**Note: This allusion by Luskin to treating evolution “more objectively” set the tone for much of his talk. In my opinion, it was simply a more sanitized way of saying “teach both views” or “teach the controversy”.You’ll see pretty quickly that was basically the intent of this phrase – the intelligent design movement (IDM) doesn’t seem to want to give up on their strategy to push their version of creationism in public schools. It’s just that they know certain phrases are rhetorical losers, so they have essentially scrubbed the losing lingo and replaced it with something less recognized. As the saying goes: “If you put lipstick on a pig, it’s still a pig.”
**Note: These references to Padian and Berman’s comments seemed to me at the time to specifically position ID-proponents as the victims of some kind of conspiracy to discriminate against them. Of course, in scientific academia there is discrimination against non-scientific ideas. If ID cannot meet the standards of scientific scrutiny, then it should be discarded; this is indeed what has happened, but Luskin and many in the IDM interpret & spin this as “censorship”. Again, this is part of the public relations strategy on the part of the Discovery Institute to frame the discussion in terms of “fairness”. But would it be “fair” to science students to seriously take time in their chemistry classes for the Four Element Model of matter (fire, earth, air, water)? Would it be “fair” to include equal time for geocentrism in earth science & astronomy classes? Would it be “fair” to teach non-scientific, alternate views of gravity (such as those advocated by Transcendental Meditation) in physics class?
**Note: There are LOTS of problems at this point. First of all, this definition of complexity is sorely lacking, both in detail and due to the fact that it isn’t quantifiable. As someone asked in Q&A (not myself or Jamie), if you are going to claim to be doing science with ID, shouldn’t you have a way to quantify “complexity”? Luskin’s response was something to the effect that yes the IDM should do that and they were working on it. Pardon me, but the IDM and Discovery Institute has been at this for 20 years, and they still don’t have a quantifiable definition of “complexity” yet? And despite this fact, they want ID taught in schools as a valid science alongside evolution? Give me a break.

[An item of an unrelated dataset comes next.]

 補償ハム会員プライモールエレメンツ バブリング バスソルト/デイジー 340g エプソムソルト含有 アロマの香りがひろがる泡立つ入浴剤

Another problem here is that this sort of argument is post-hoc in nature. In other words, everyone already knows that Mount Rushmore is man-made; what is necessary here is for these folks to come up with a blinded test of their method without knowing whether or not the subject is designed ahead of time. Here’s a simple way to do it:
1. Take two sets of a dozen drinking glasses.
2. Drop one set from a significant height into a clear plastic box so that they smash apart into a random jumble of broken glass at the bottom of the box. This is the “naturally caused” pile of broken glass.

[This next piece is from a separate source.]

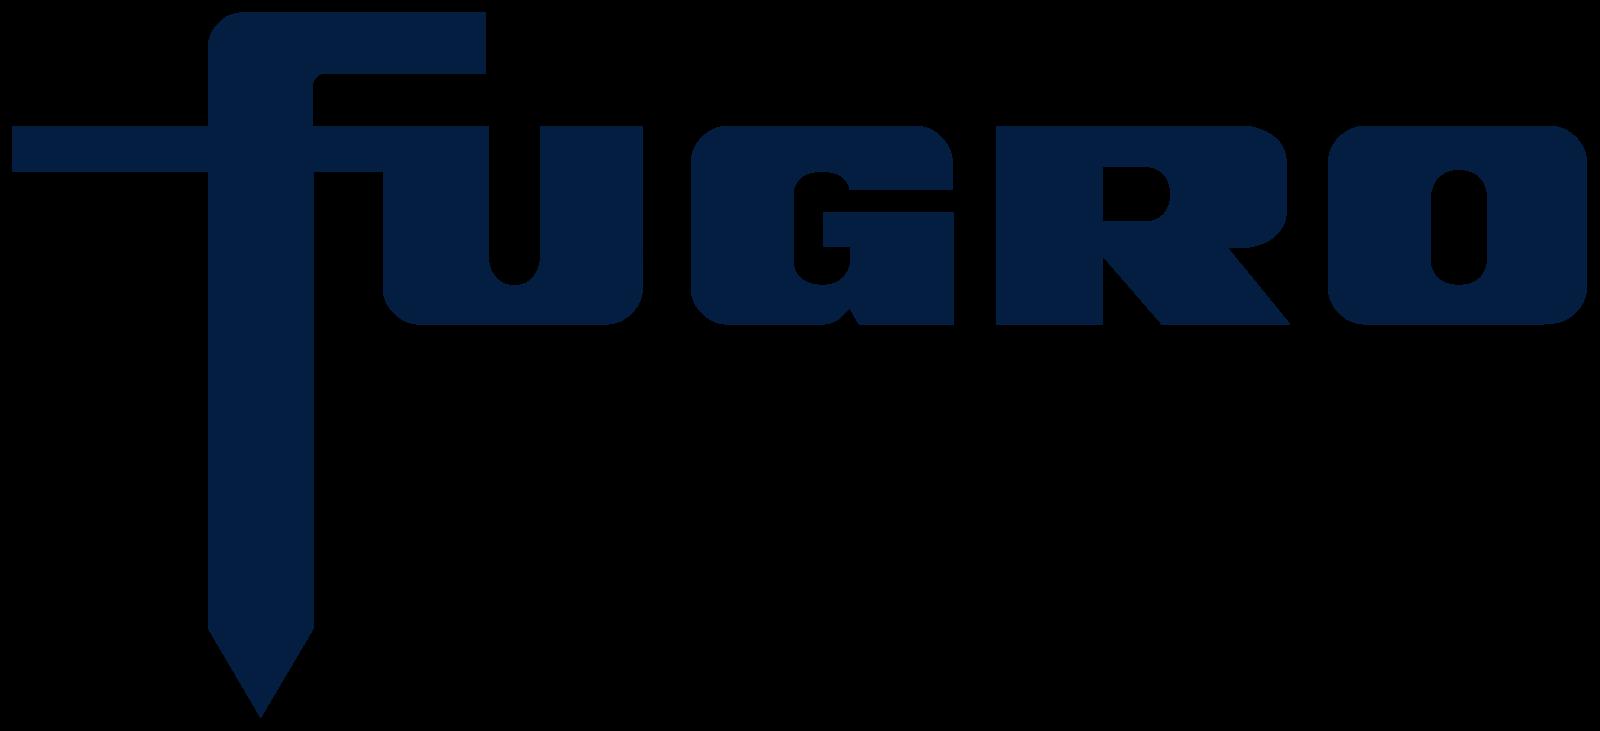 Logo di Fugro

3. Take the second set of glasses and break them up with a hammer or whatnot in a very specific manner and then place the pieces into the bottom of a second box so that the pile of broken glass appears random. This will be the “intelligently designed” pile of broken glass.
4. Do all of this out of view of the ID-proponents (the test must be blinded), and then ask them to apply their method to identify the “naturally caused” pile from the “intelligently designed” pile. Of course, the entire procedure would have to be performed many times to get a correct read on the statistics.
5. If there really is something to the ID method of “inferring design”, then the ID-proponents should be able to determine correctly the “intelligently designed” piles of glass at a rate significantly higher than chance (well over 50%).
The fact that I’ve never seen any ID-proponent perform, or even seriously suggest, such a blinded test of their design inference methods speaks volumes, folks. And remember: they’ve been at this for 20 YEARS!